- Recorded information
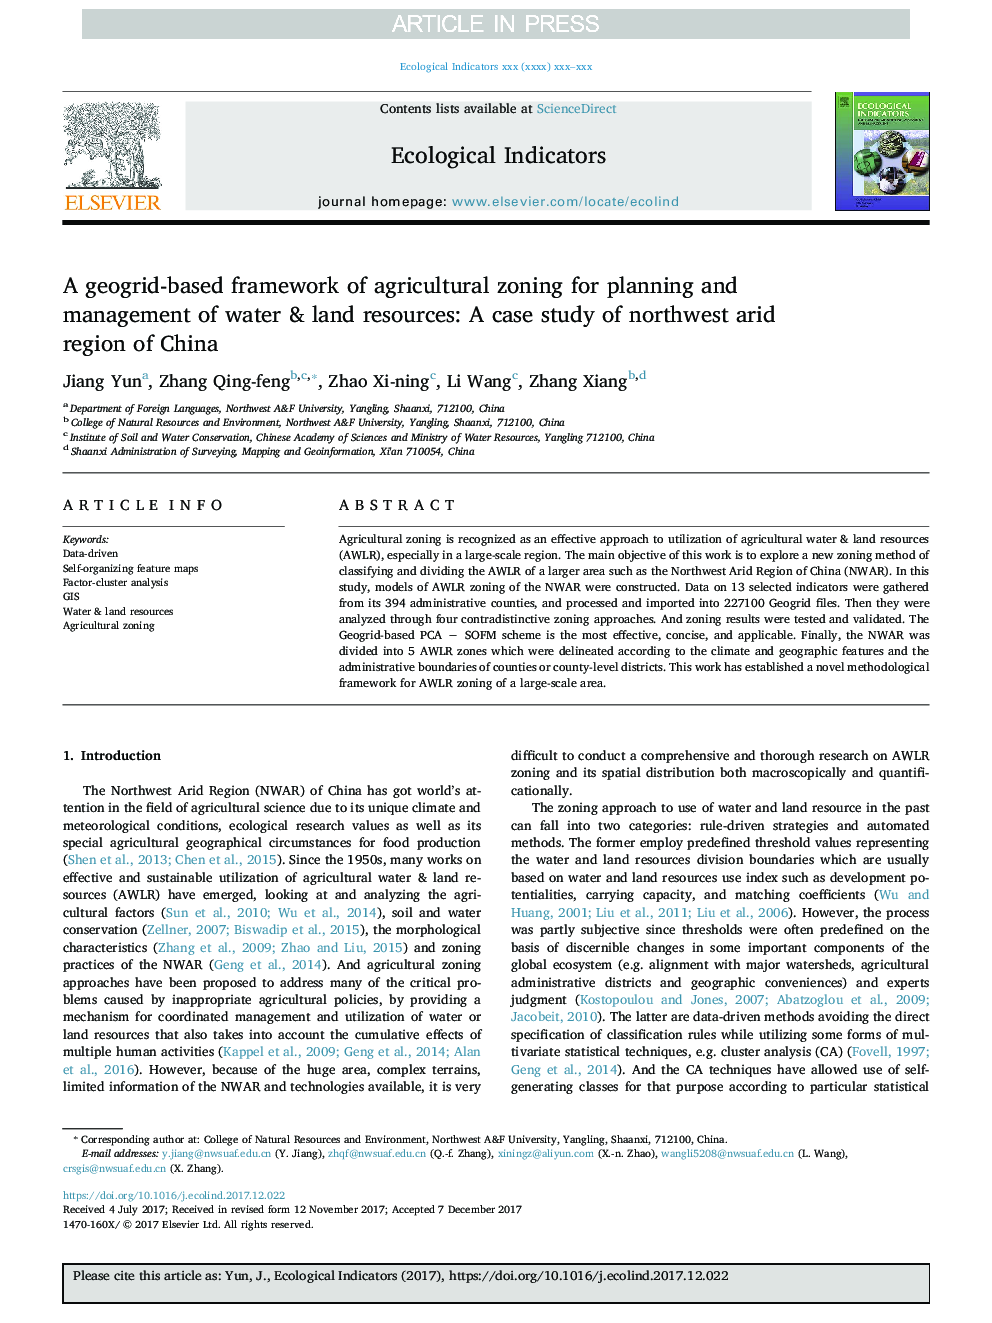 یک چارچوب مبتنی بر ژئواستره ای از منطقه بندی کشاورزی برای برنامه ریزی و مدیریت منابع آب و زمین: مطالعه موردی مناطق خلیج شمال غربی چین 
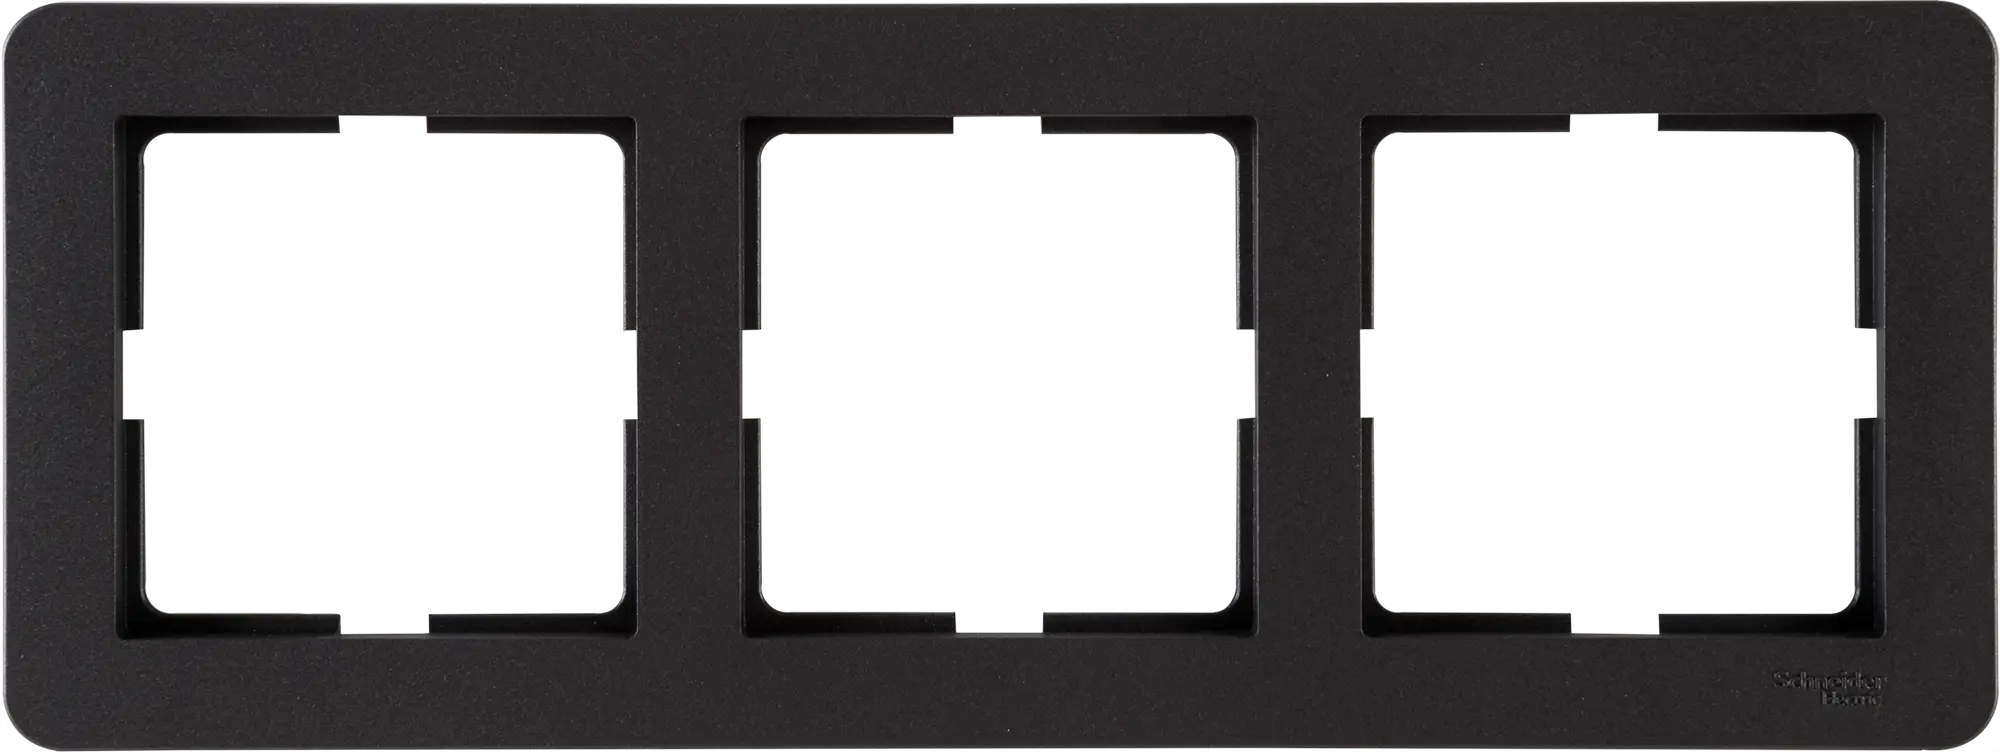 Рамка для розеток и выключателей Schneider Electric W59 Deco 3 поста, цвет графит рамка на 4 поста графит w0042104 werkel
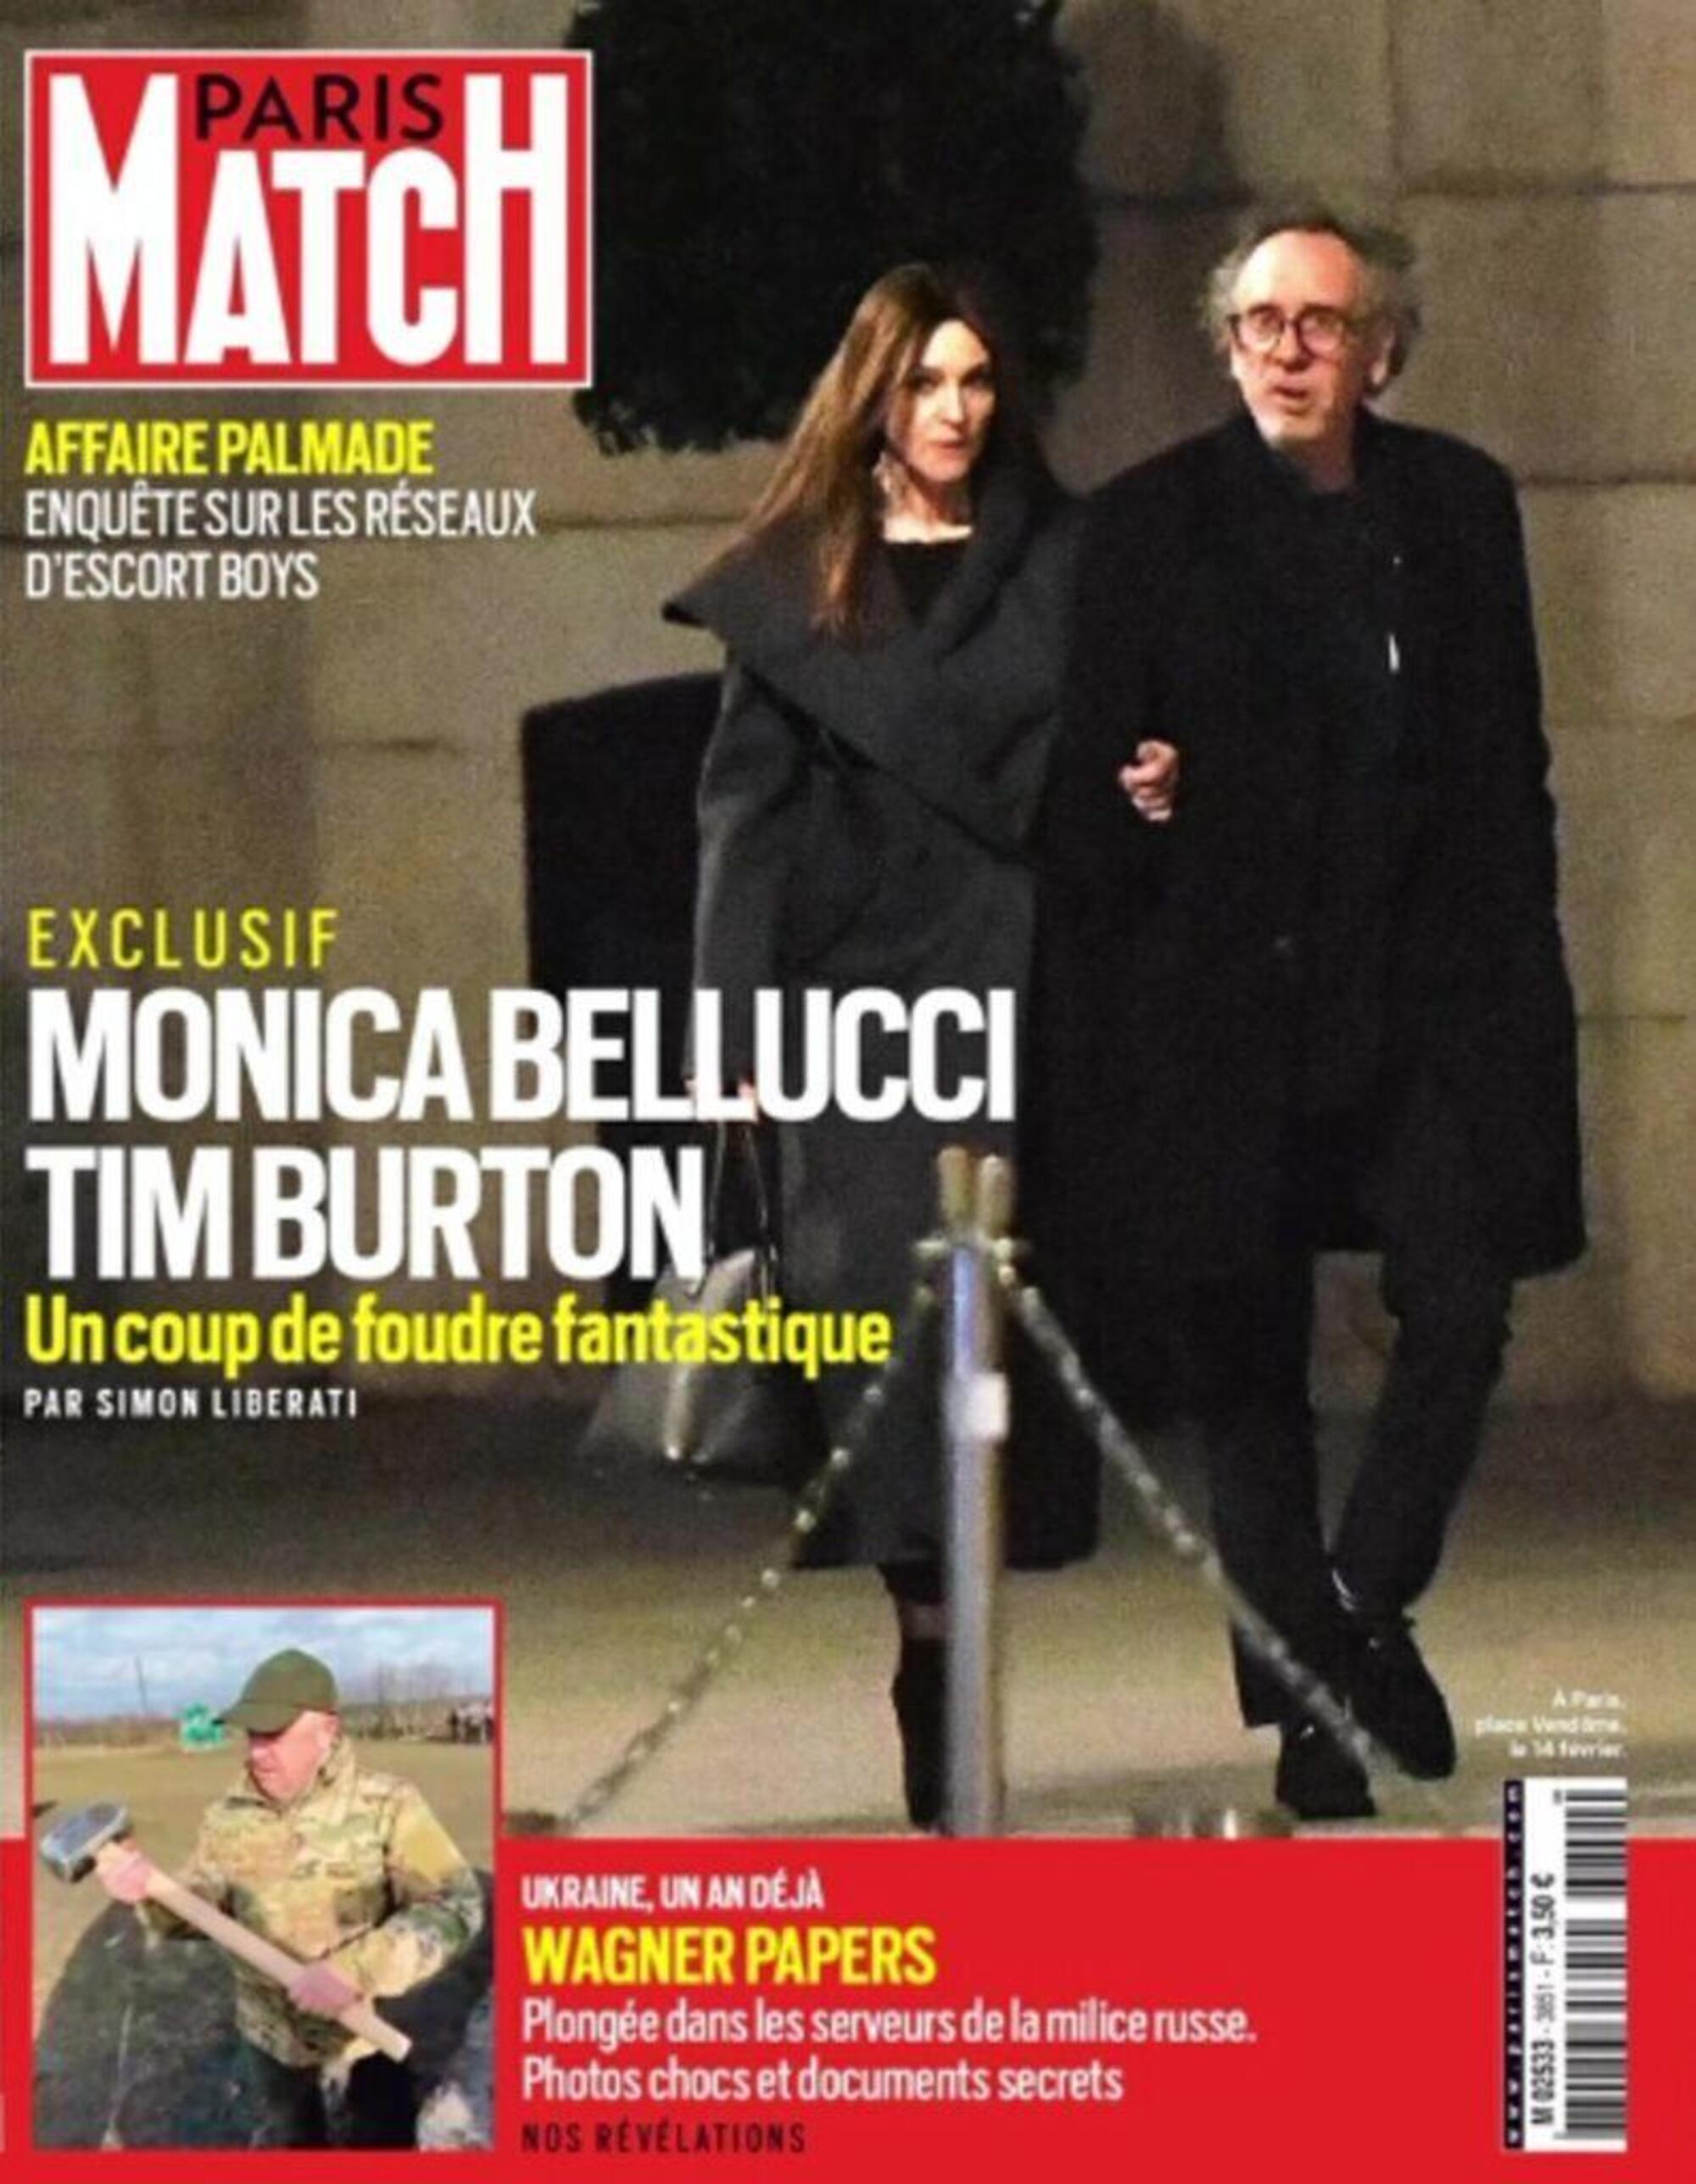 Monica Bellucci e Tim Burton paparazzati sulla rivista Paris Match

- Problem
Only the pictures are to be dropped; the rest of the material above must be duplicated exactly.

- Solution to this problem
 یک چارچوب مبتنی بر ژئواستره ای از منطقه بندی کشاورزی برای برنامه ریزی و مدیریت منابع آب و زمین: مطالعه موردی مناطق خلیج شمال غربی چین 
 Рамка для розеток и выключателей Schneider Electric W59 Deco 3 поста, цвет графит рамка на 4 поста графит w0042104 werkel
 Monica Bellucci e Tim Burton paparazzati sulla rivista Paris Match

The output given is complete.